Lavender trumpet vine (Clytostoma callistegioides), crossvine (Bignonia capreolata), coral honeysuckle, and Confederate jasmine are vines that flower during this period of the year. Now is a good time to plant them also.

Don’t forget groundcovers such as liriope, Lomandra, Mondo grass, Dianella (New Zealand flax), African iris, or any of a variety of ferns. Groundcovers planted now will have a full growing season to get established. Groundcovers are often a good choice for plantings in front of the house where you don’t want tall shrubs.

Add some long-blooming seasonal color to your yard this spring. Once we reach mid-March the nurseries will be loaded with many possibilities. Petunias will give you a lot of color in sunny areas for about three months. After the summer rains start in June they normally decline. Pentas will hold up on through the summer and into fall. They prefer full sun but will take a little filtered sunlight too. Sunpatiens® will work in sun or shade and should hold up through the summer. Melampodium will give continuous yellow blooms in sunny areas through summer and into fall. Torenias, especially the trailing or vining types, are excellent for providing low-growing color in areas that receive morning sun but not so much harsh afternoon sun. But there are many other options, too, so visit a full-service nursery with knowledgeable employees that can guide you.

Pentas can be planted in mid to late March and will give color until late fall. Plant in full sun to light shade. Photo by David W. Marshall.
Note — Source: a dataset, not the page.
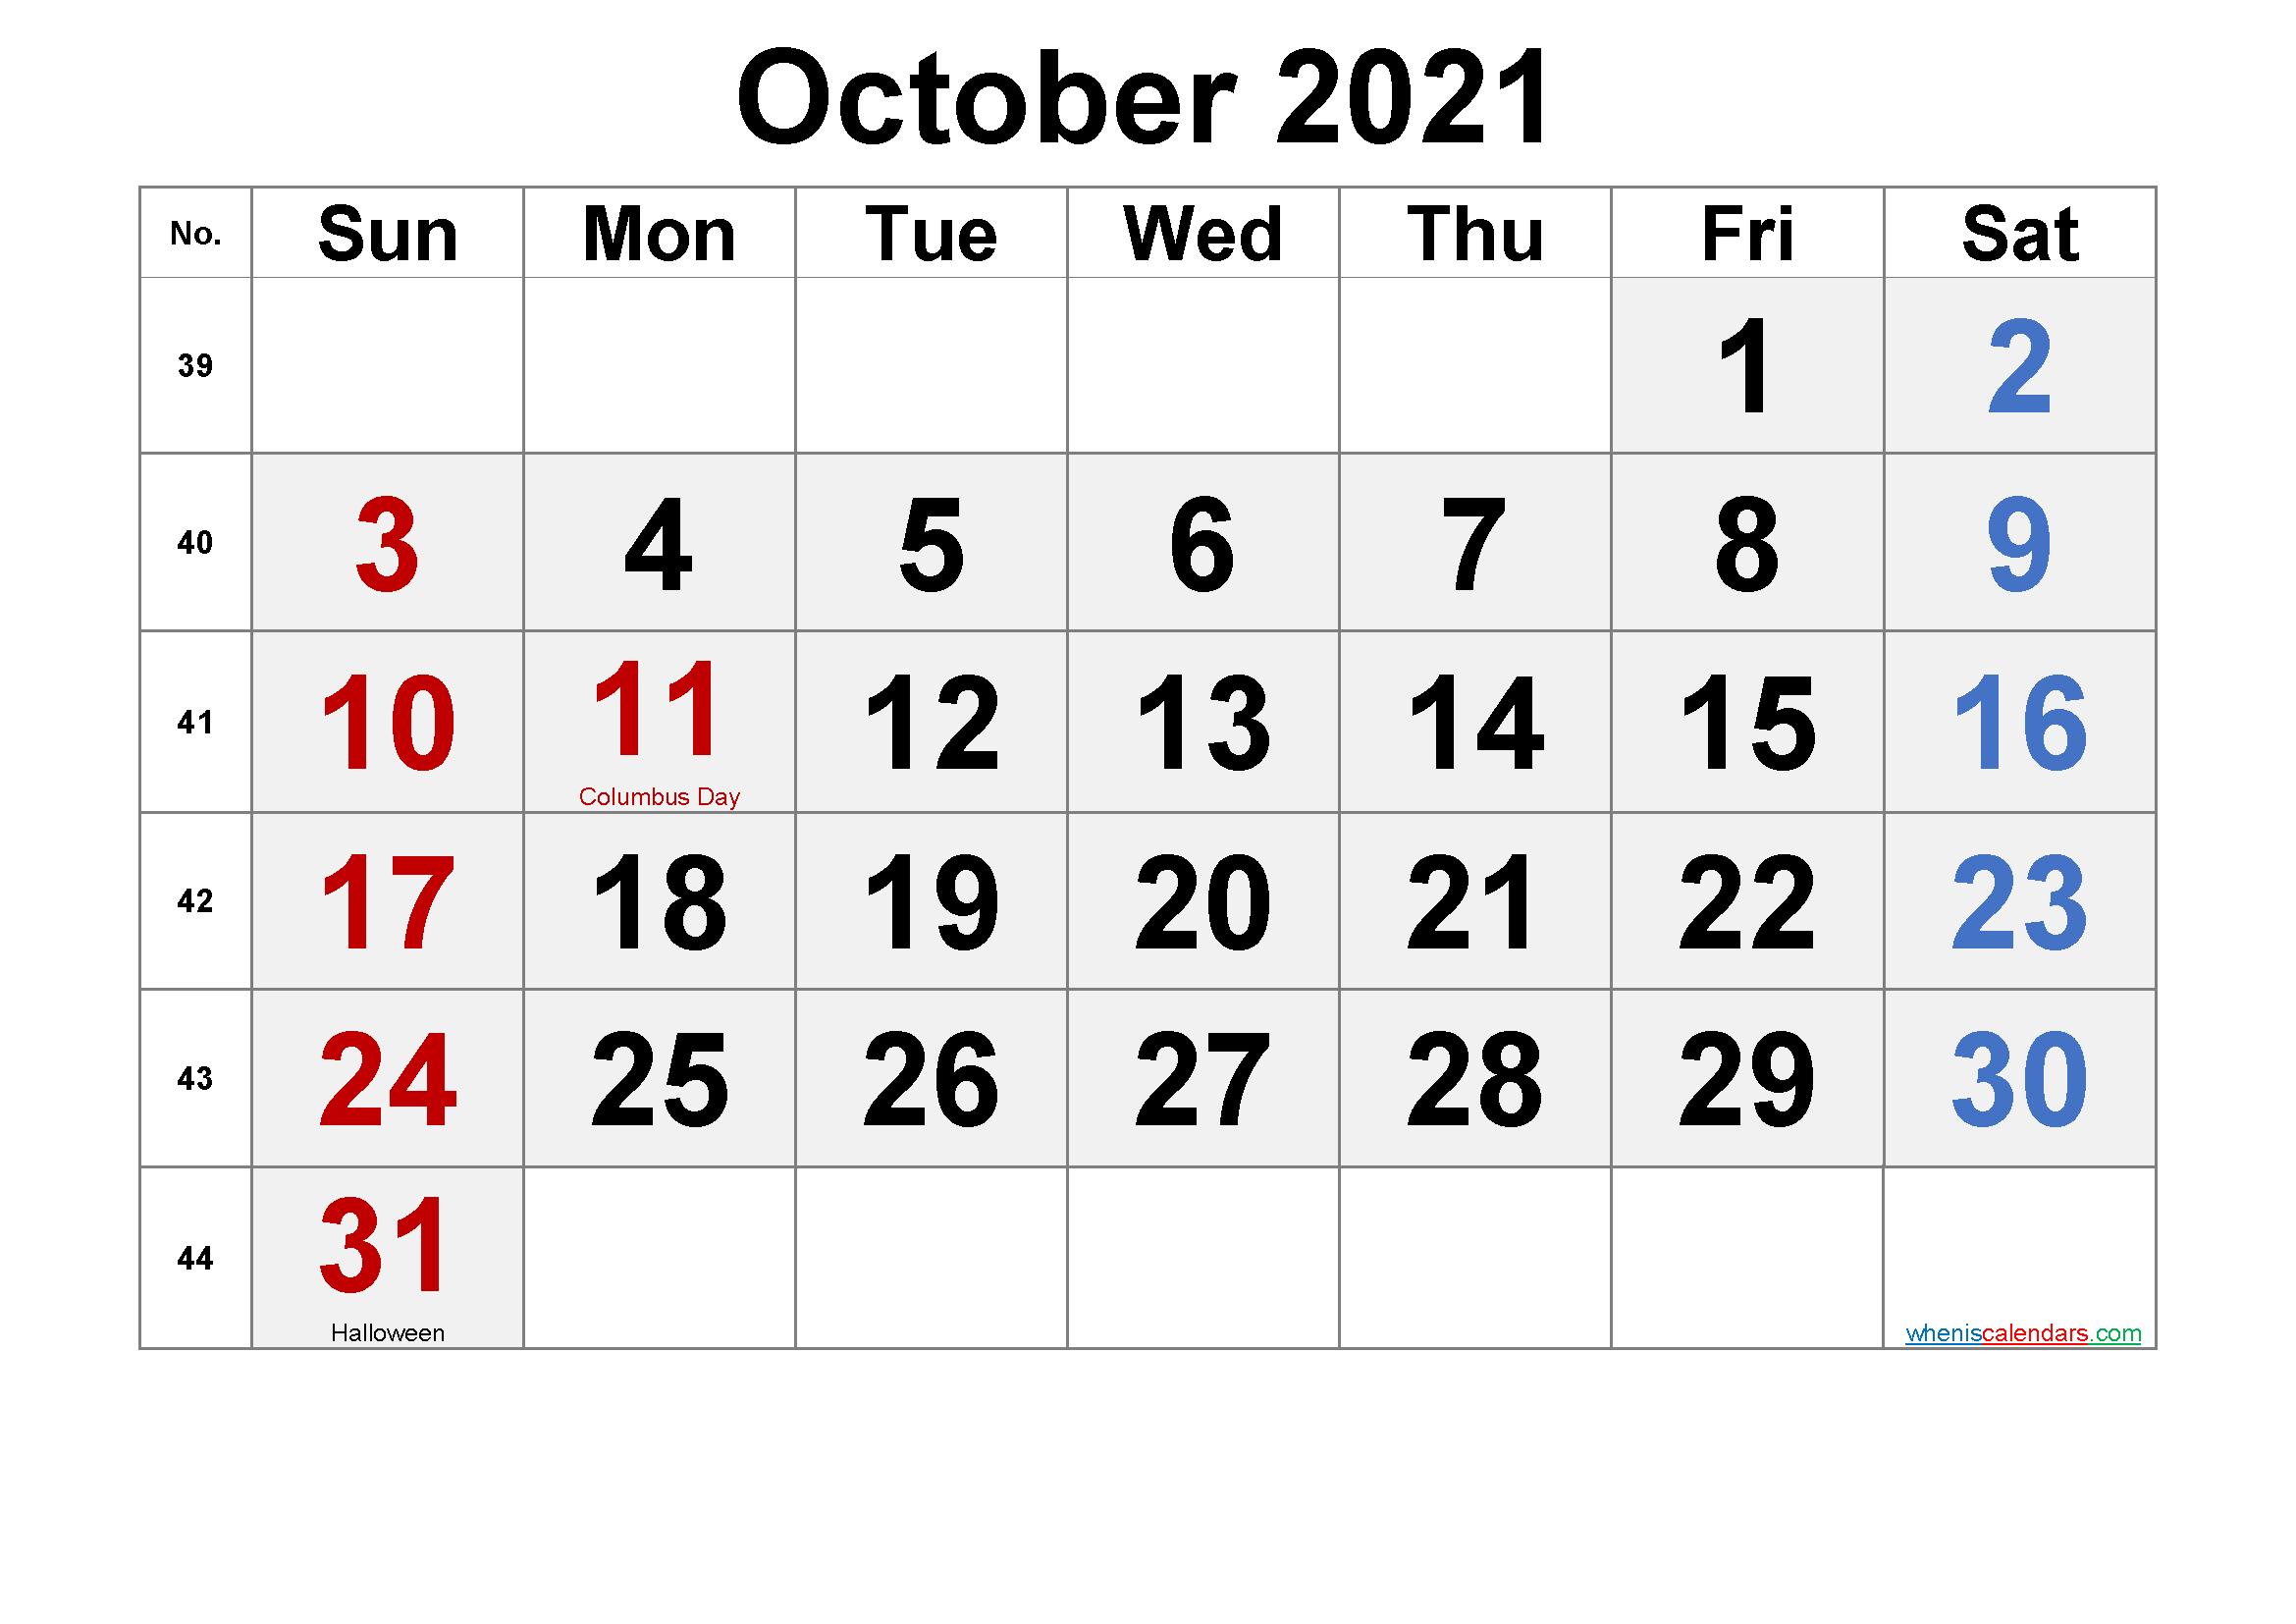 October 2021 Calendar With Holidays Printable-Template No

Pentas can be planted in mid to late March and will give color until late fall. Plant in full sun to light shade. Photo by David W. Marshall.

Also, later in the month, start planting perennials such as firebush, angel’s trumpet, cigar flower, and Turk’s cap so you will have color later in the season that will last into fall. These perennials will return each year, even if the tops get frozen back.

There’s no need to fertilize mature trees and shrubs that are growing well. But young plants which you’re trying to encourage to grow will benefit from an application of fertilizer now. The same 15-0-15 that you used for the lawn can be used on trees and shrubs, provided it’s not a weed-and-feed product with an herbicide. The exception would be with palms, especially if you’ve noticed that your palms haven’t been looking that healthy. Use an 8-2-12 or similar palm fertilizer that has four percent magnesium and micronutrients also. If you have a lot of palms in the lawn, just use this palm fertilizer on your whole lawn.

If you didn’t get around to fertilizing fruit plants in February, do it now. After mid-March is also a good time to plant new citrus trees such as satsuma, orange, or grapefruit. You have a full growing season ahead!

Anything that you plant now will need regular watering. That’s what they were receiving in the nursery. Remember that for several months, at least, all the roots will still be in the root ball that was in the pot, even after you put the plant in the ground. So, soak this root ball at least every other day. Don’t rely on a sprinkler system that only comes on once or twice a week. That’s not enough water for the limited root systems of new plants.